Donovan’s parents also have split up, due in no small part to his domineering grandmother, Grammy, who constantly persuaded Donovan’s father Solomon to try and “break” his strong-willed wife. His controlling behavior drives her away, and Donovan and Solomon go to live with Grammy. That’s where Donovan meets Clyde, a neighborhood pedophile whose abuse of Donovan will mar him for the rest of his life.

The first two-thirds of the novel, which deal with the individual stories of Campbell and Donovan, are by far the best. We see not only how they became the kind of adults that they did, but we also see that their lives overlapped in small but important ways, making it seem almost inevitable that they would find each other. McFadden also creates memorable characters in these early sections, the most indelible of whom is Campbell’s aunt Luscious, a strong, hot-tempered woman who loves Campbell but hides her own painful secrets.

When Campbell and Donovan get older and make their way toward each other, the book continues to build on their characters, showing how Campbell finds salvation in art and how Donovan finds all of his romantic relationships tainted both by the memory of Clyde’s abuse and by Grammy’s controlling efforts to keep Donovan with her.
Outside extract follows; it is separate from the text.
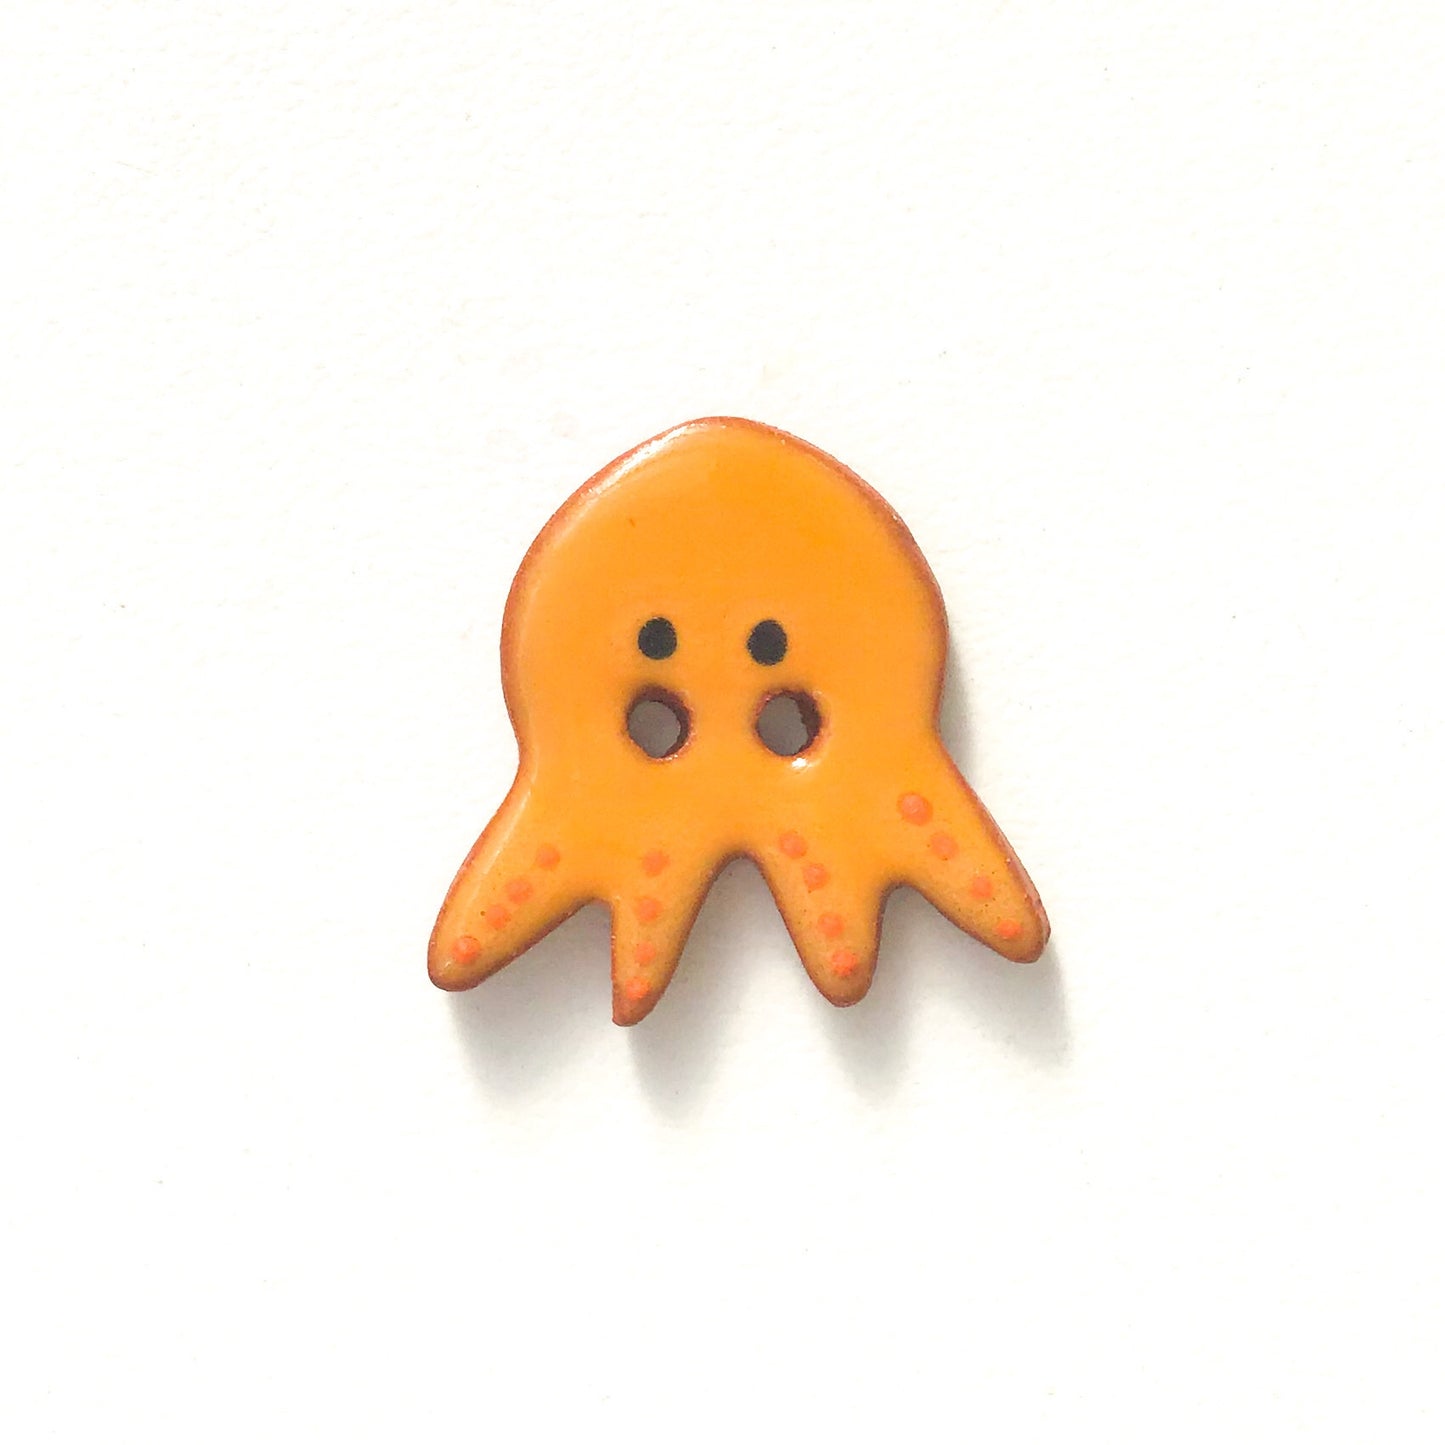 'Earth Tones' Octopus Buttons - Ceramic Ceramic Buttons -Children's Animal Buttons (ws-1)

The book sort of loses its way, though, when the two become a romantic couple. In that section, we see how profoundly the relationship affects Campbell and, though we learn some of what’s going through Donovan’s head, his role becomes smaller and smaller. When the book reaches its conclusion, we get no clue about how Donovan feels about his actions. There’s nothing to indicate what makes this relationship so special to him – why this one would be singled out over all the others he’s had.

Without that perspective, Loving Donovan isn’t completely satisfying. However, there is so much to admire about the novel that it’s possible to forgive the unsatisfactory conclusion. McFadden’s characters – particularly her women – are so vivid that most readers will just be grateful that they exist and overlook the book’s shortcomings.